-- DATA PROVIDED follows --

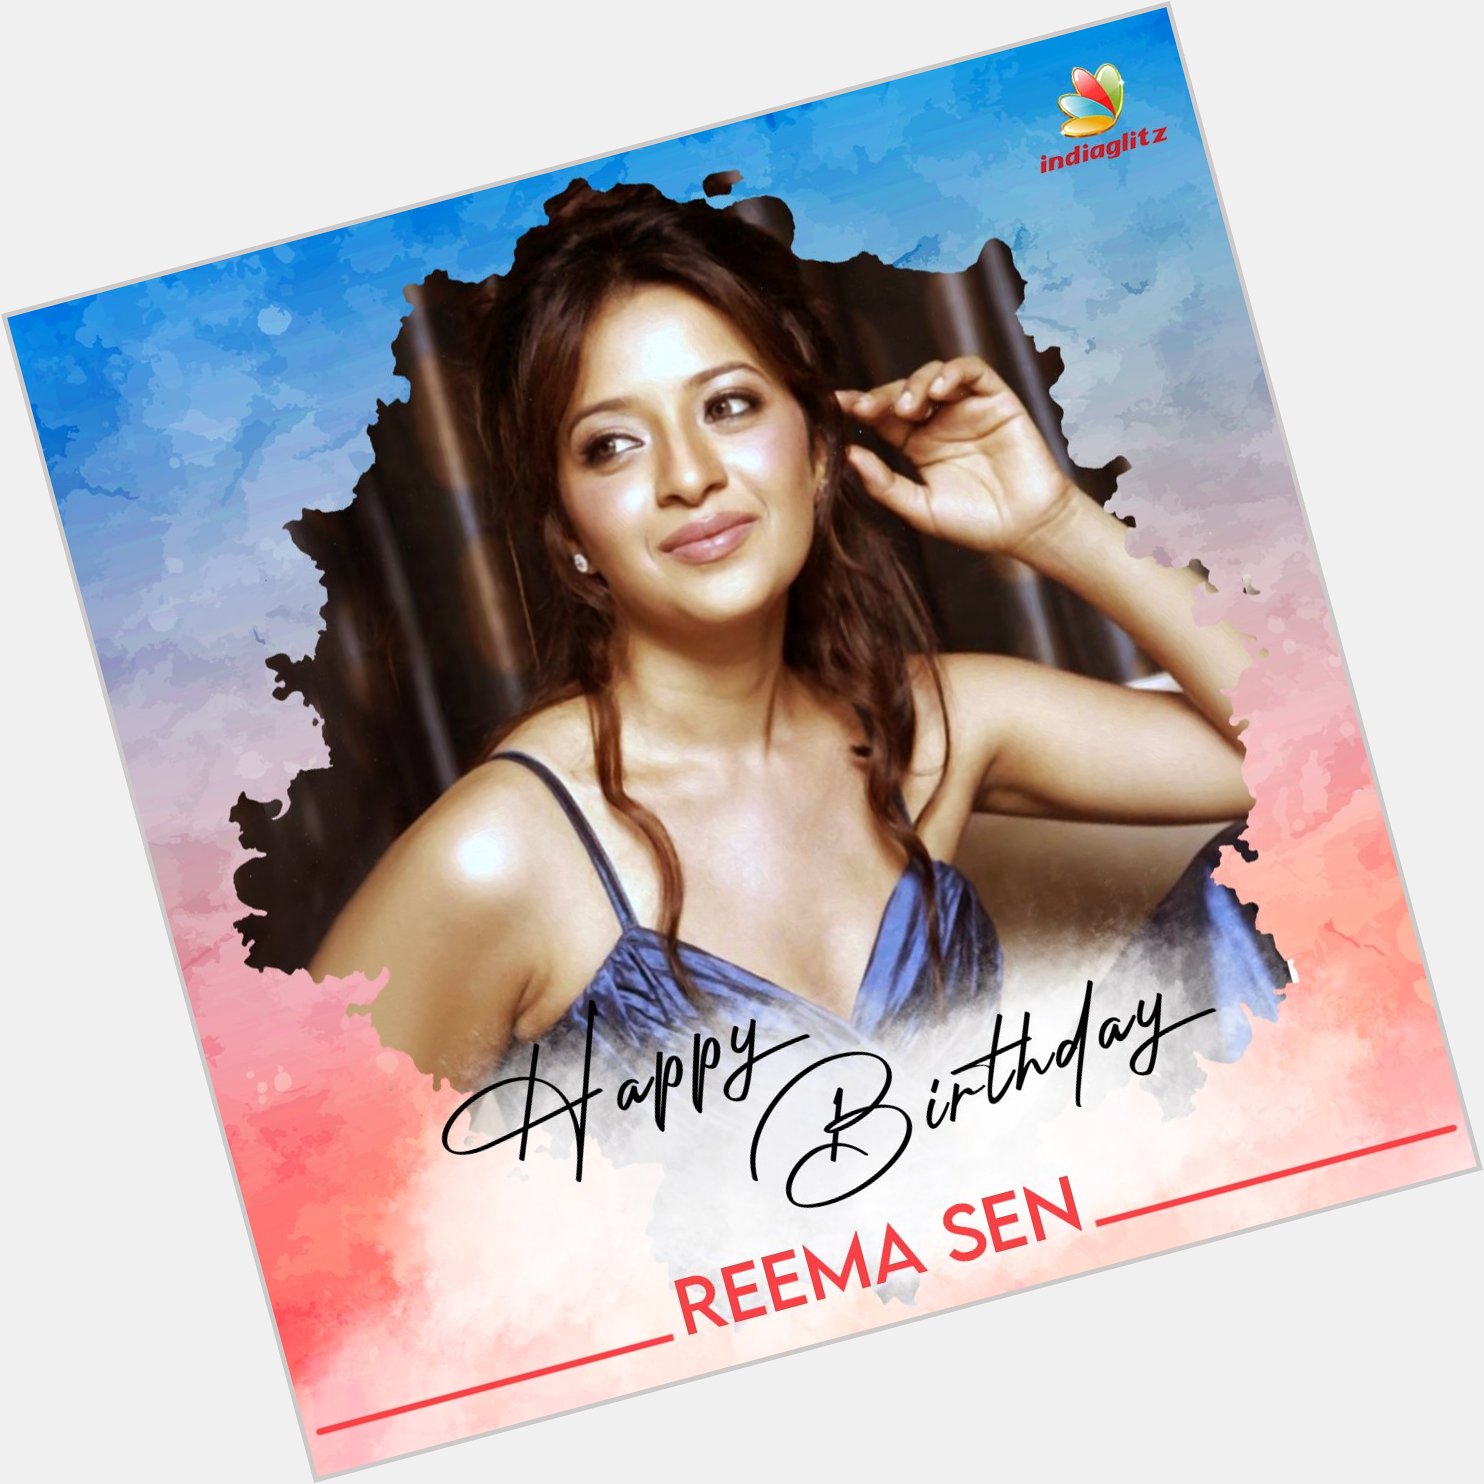 Wishing Actress Reema Sen a Very Happy Birthday   
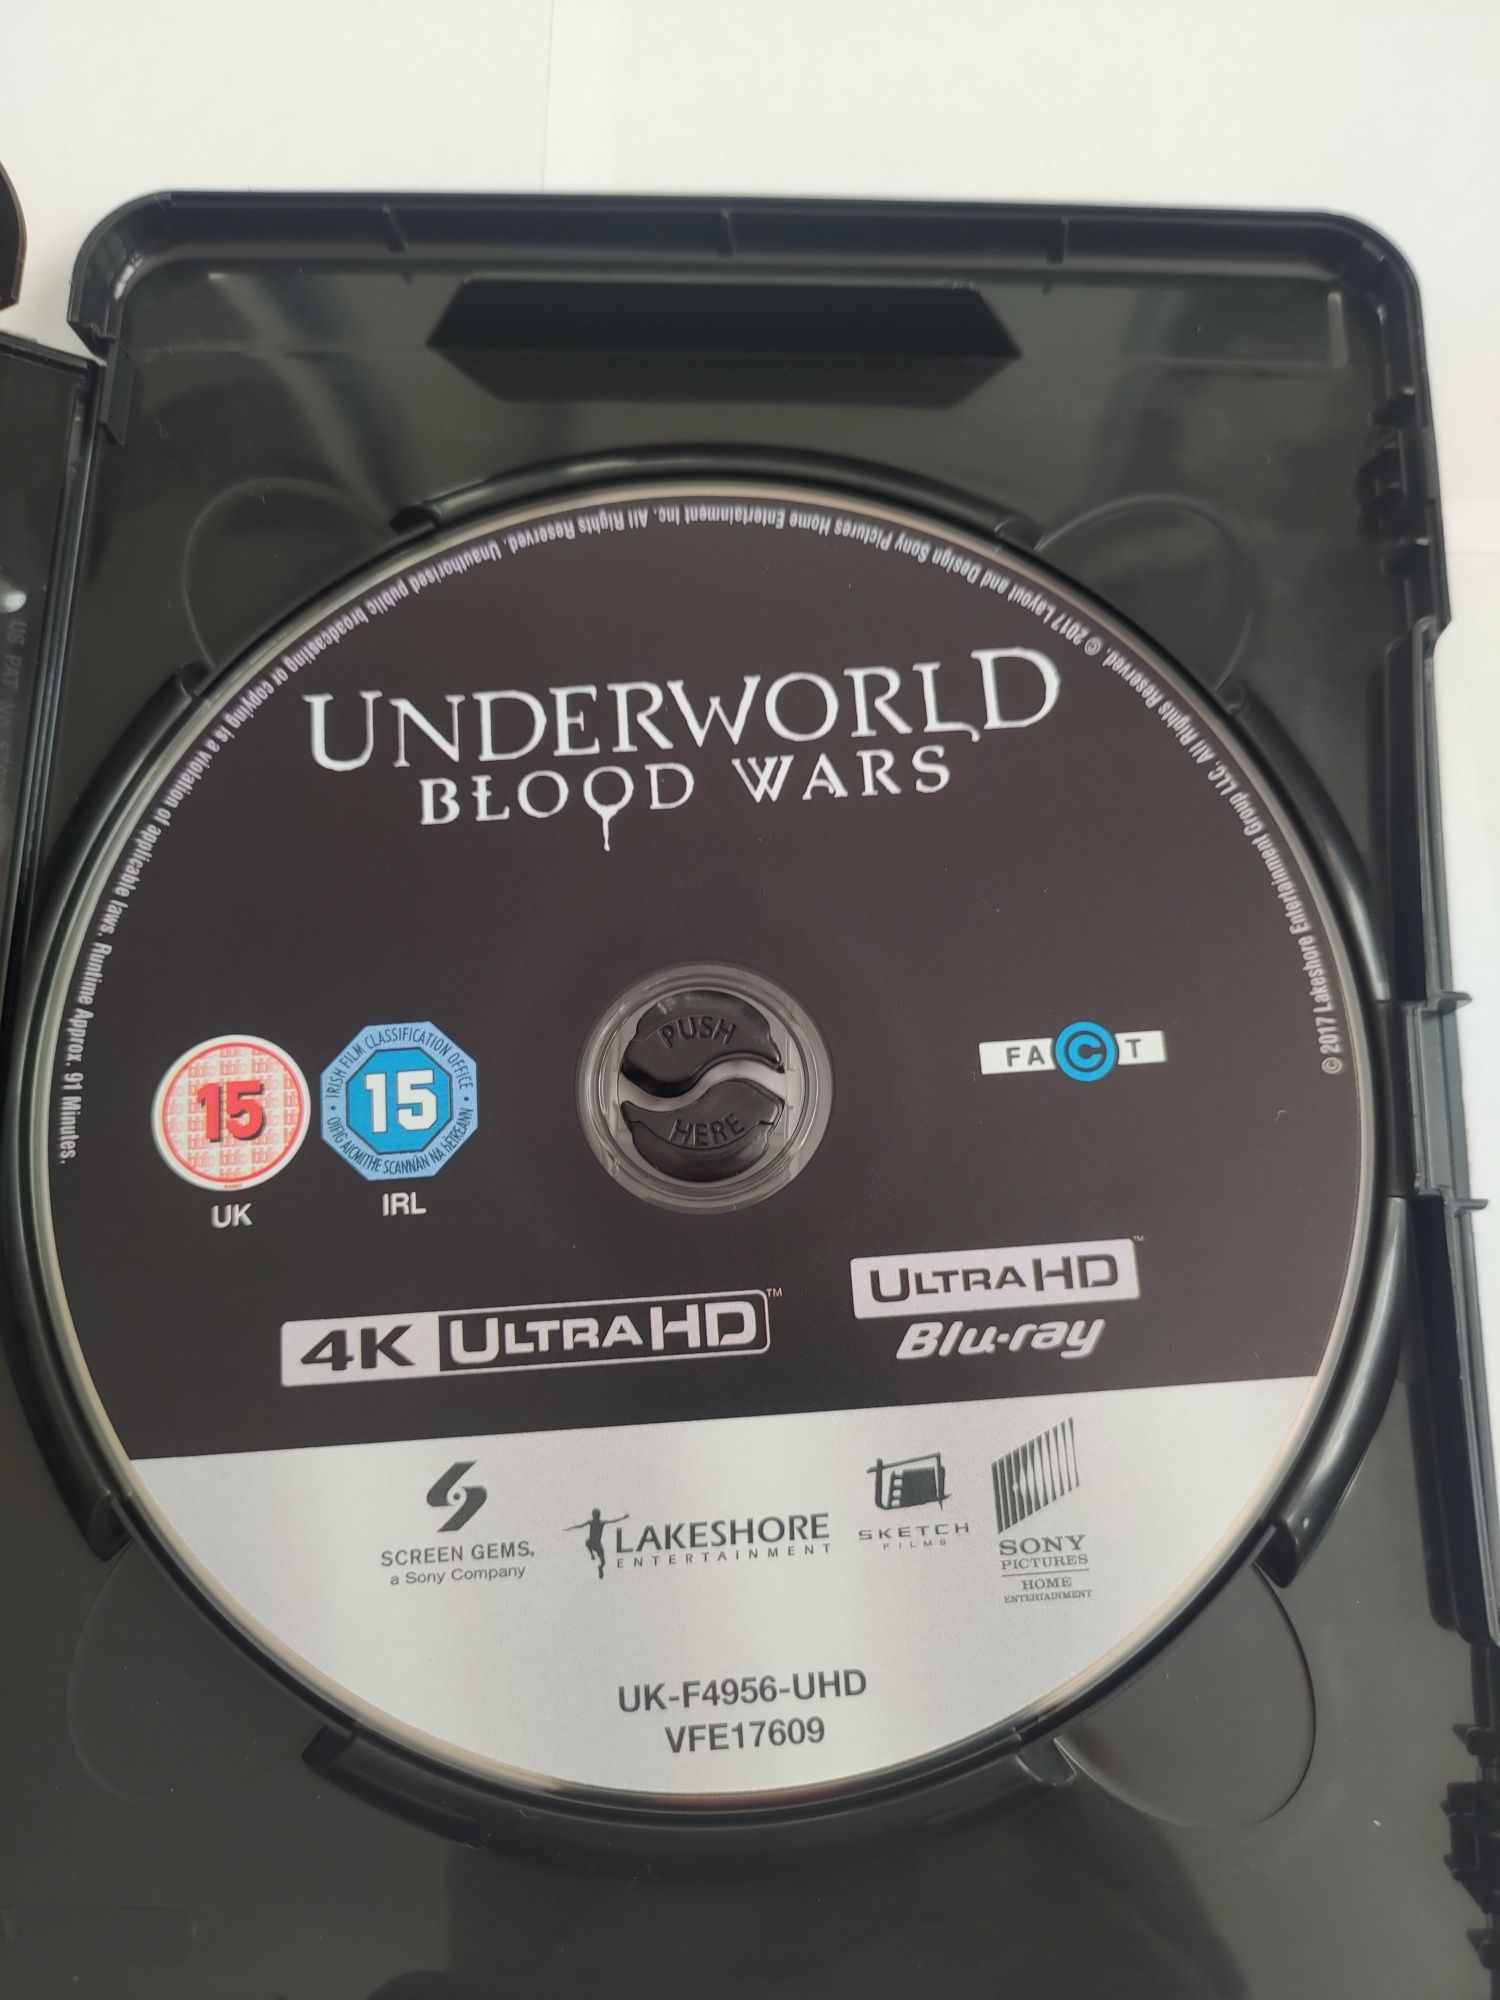 Underworld Blood Wars film 4k UHD blu ray
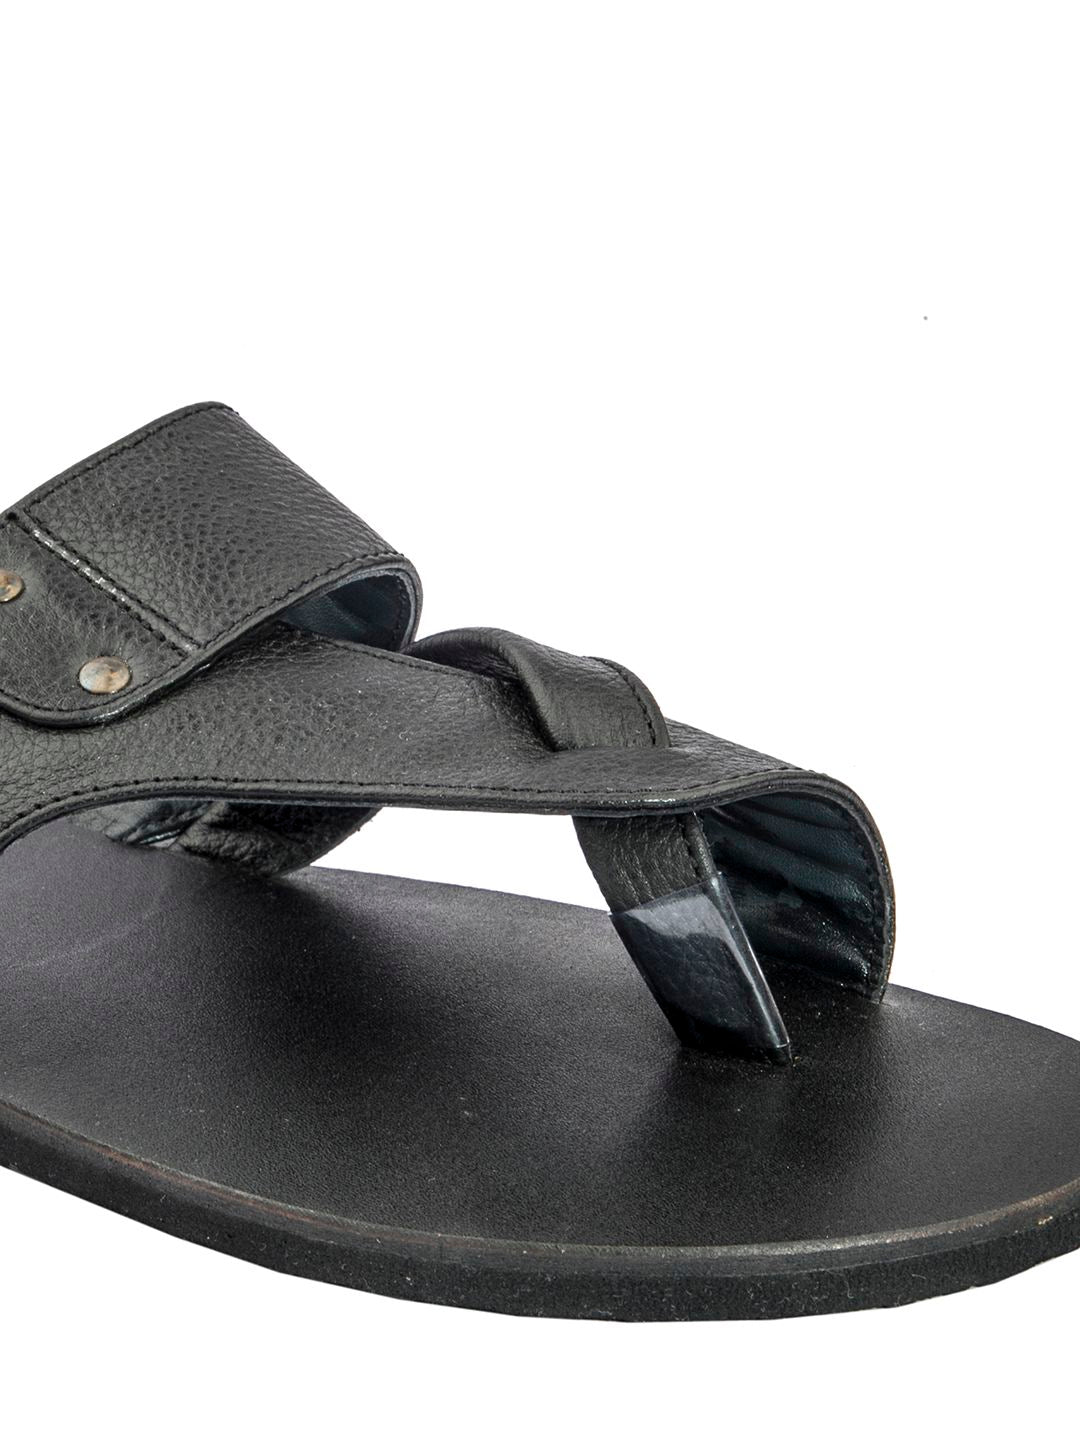 Timeless Sophistication: Handmade Black Leather Sandals for Men

-- DATA PROVIDED concluded --

**WHAT IS NEEDED:** A word-for-word copy of the listing is the goal; keep every picture out of it.

**SOLUTION FOR THIS PROBLEM:**
 Wishing Actress Reema Sen a Very Happy Birthday   
 Underworld Blood Wars film 4k UHD blu ray
 Timeless Sophistication: Handmade Black Leather Sandals for Men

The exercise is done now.